2nd Chemo Treatment

Today was chemo treatment #2. Dr. Bowers was quite pleased to hear that Ed has had no serious side effects from the chemo (no nausea or diarrhea). Of course, we have heard that it gets worse after the 2nd or 3rd treatment, but Dr. Bowers says he thinks Ed will be fine. If he doesn't have any bad side effects yet, he won't. I guess time will tell who's right! I'm putting my money with Dr. Bowers--he's a smart man (in my honest opinion)!

The good news is that it appears Ed's liver has shrunk. From an external measurement, Dr. Bowers measured 10 cm down from 14 cm two weeks ago. This is very good news that after one treatment, we seem to be seeing a response. Yeah!

For today's chemotherapy, though, Ed only got the Irinotecan and no Avastin. Avastin can cause bleeding and since he has surgery next week for the port, we skipped the Avastin this week. Dr. Bowers did offer an alternative that Ed is genetically eligible for--Cetuximab. The downside with this agent is development of a rash. We both agreed (us and Dr. Bowers) that since the Avastin seems to working well, we wouldn't switch at this point and save the use for Cetuximab if we need it. Skipping Avastin for this round would be okay.

Ed will start the next round of Xeloda tomorrow as well. We continue to monitor and manage the minimal side effects he's dealing with. As Ed even pointed out, every little ache, pain, twinge is magnified right now so we try to monitor and manage each accordingly.

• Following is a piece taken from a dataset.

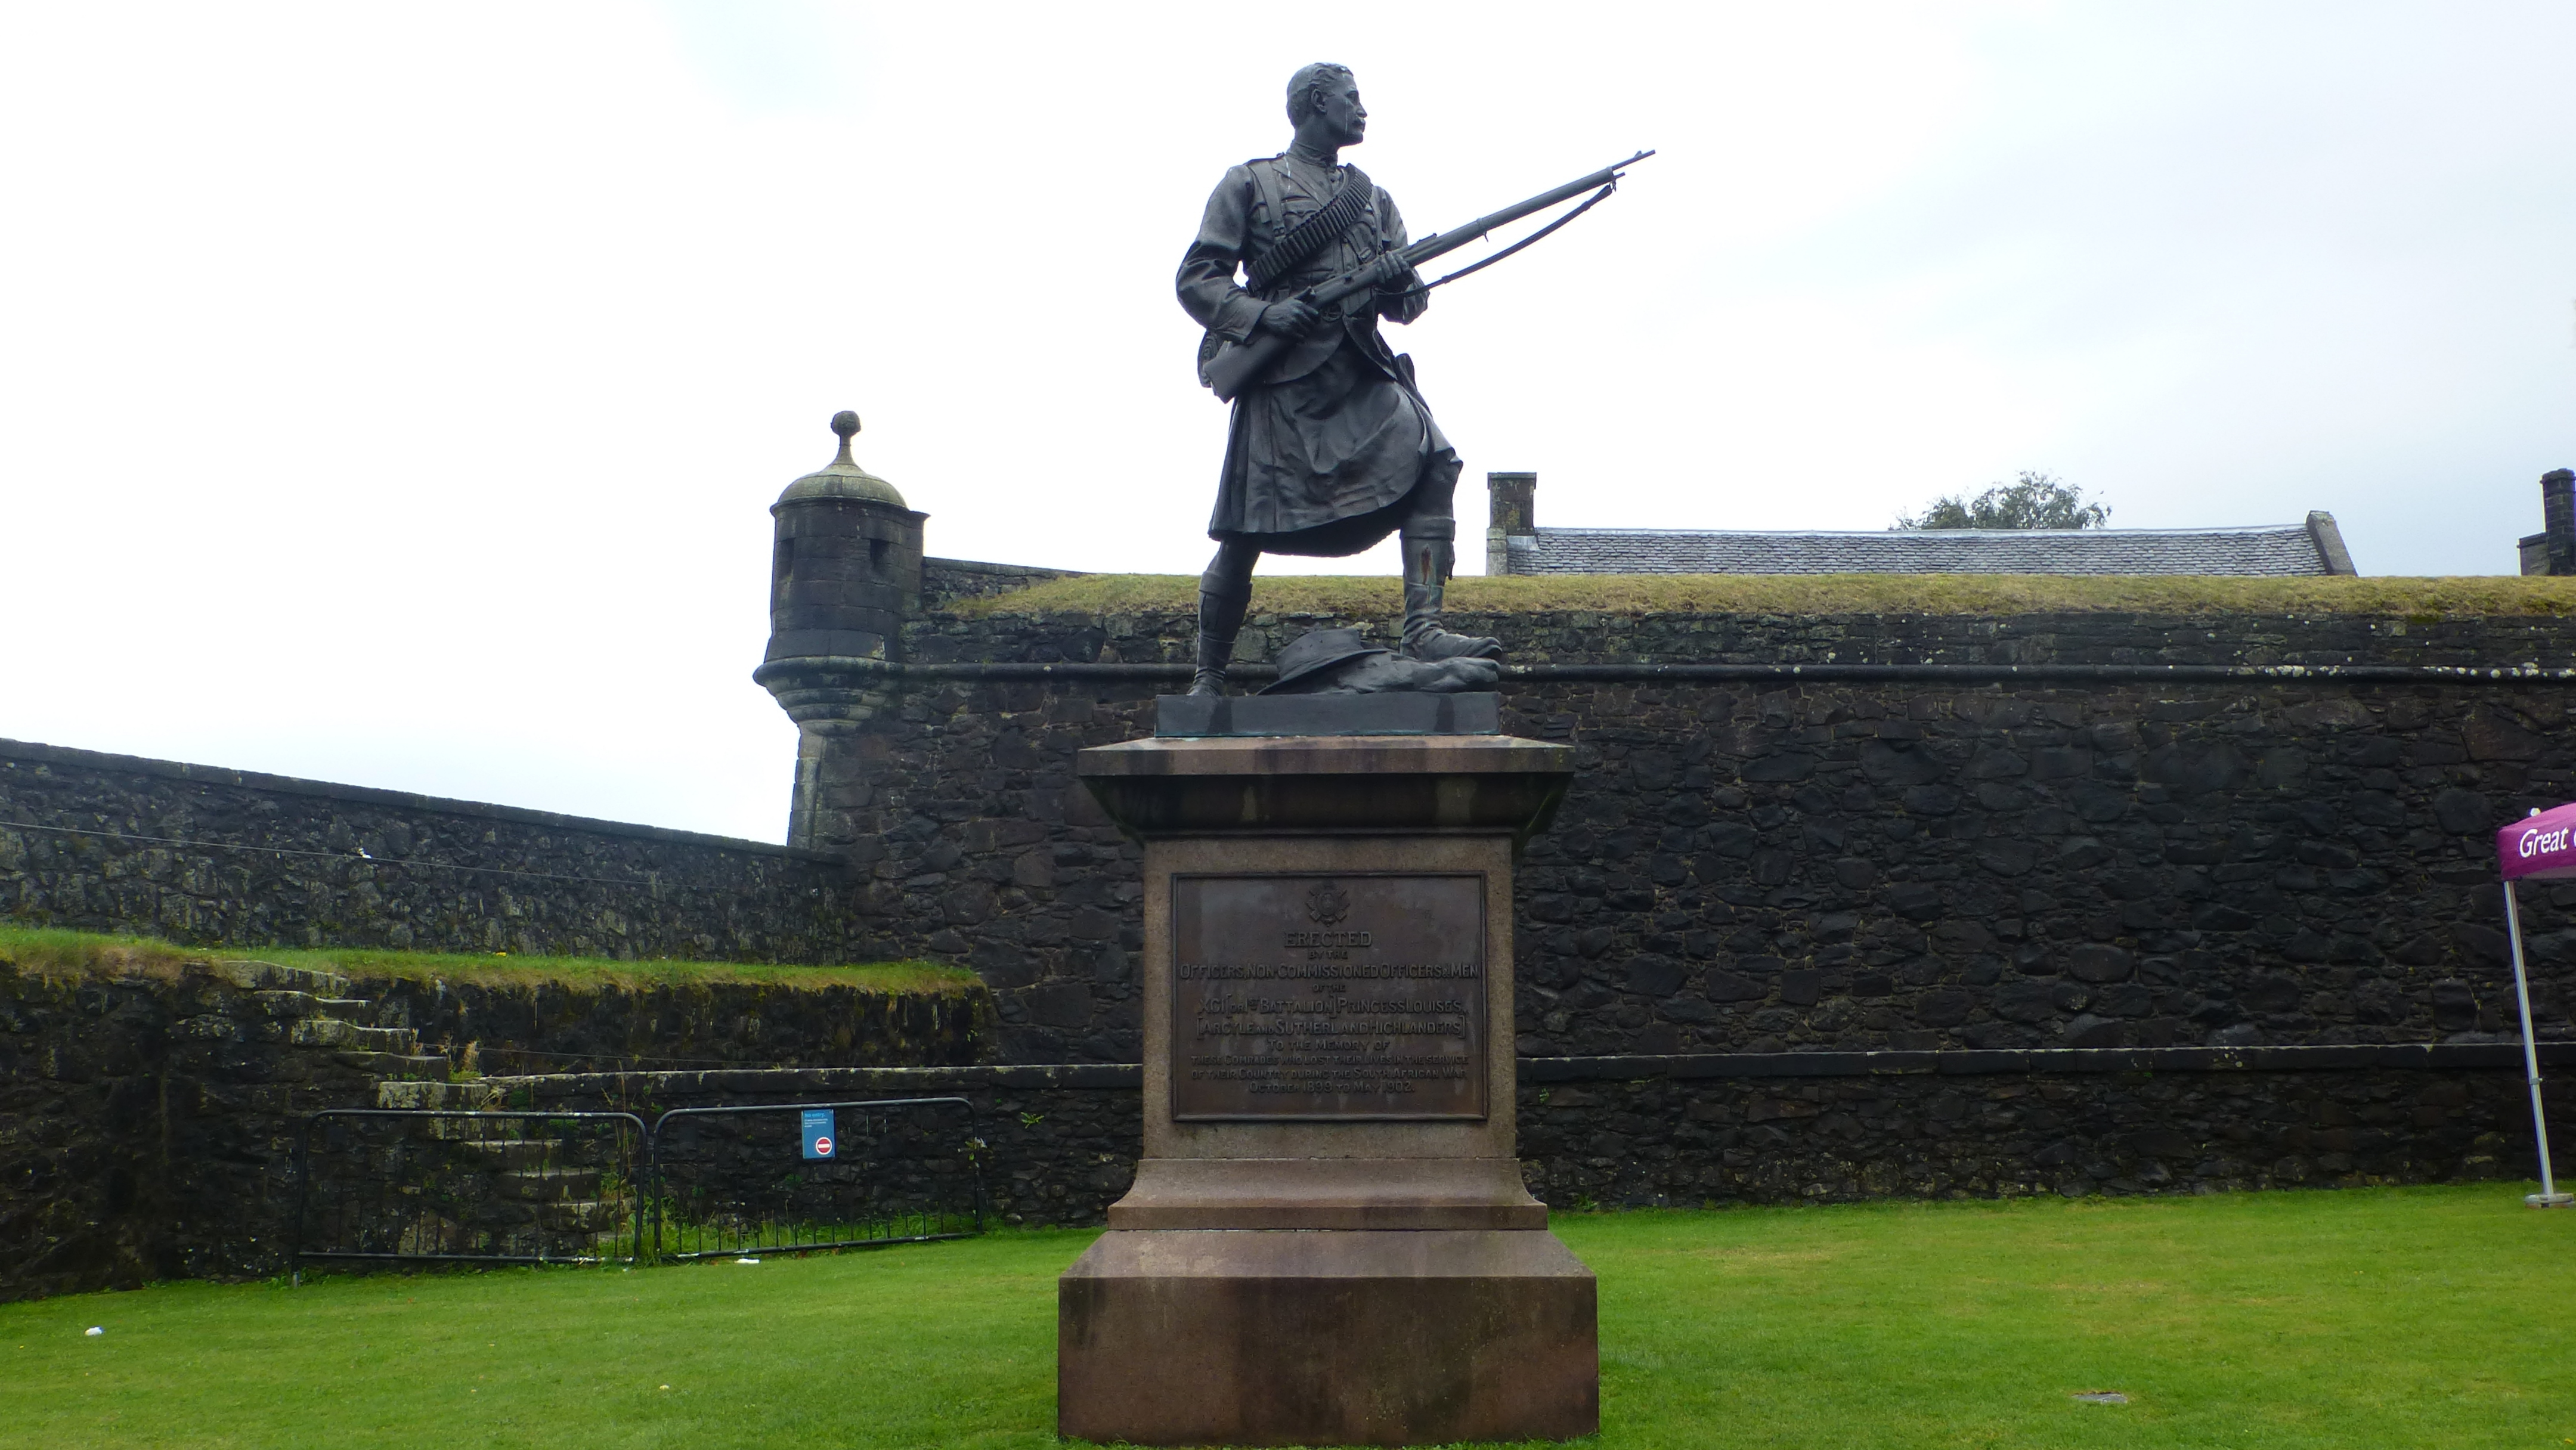 The Argyll and Sutherland Highlanders monument stands watch opposite Robert the Bruce. (2022)

Today I asked Dr. Bowers about CEA counts--I come across this alot when reading about colon cancer online. It stands for Carcinoembryonic Antigen. CEA is a protein found in many types of cancer cells. A rising CEA may indicate a cancer is growing while a falling CEA may suggest a cancer is responding to treatment. Notice the "may"--it "may indicate" this or that. It doesn't always tell the full story but it's one piece of information. Right now, because Dr. Bowers can evaluate the size of the liver externally, he doesn't check CEA count every visit, but will do so further into the treatment. He did indicate that Ed's CEA count initially was over 300. If you read anything about this, "normal" is something 0-3 or 0-5. So I'm hoping when Dr. Bowers does future testing, this number will go down. And anyone who knows me, knows I need these numbers--something tangible and measurable. This is why I had to see the CT scan for myself as well. That's my job, though, right?

So life continues to march on and we continue to move forward looking forward to ringing in the new year with Dan and his girlfriend, Cassie. Next week on Tuesday we have the port surgery and the following week we have our next chemo session (every 2 weeks).

I thank everyone for your ongoing support and prayers. Please keep the prayers coming.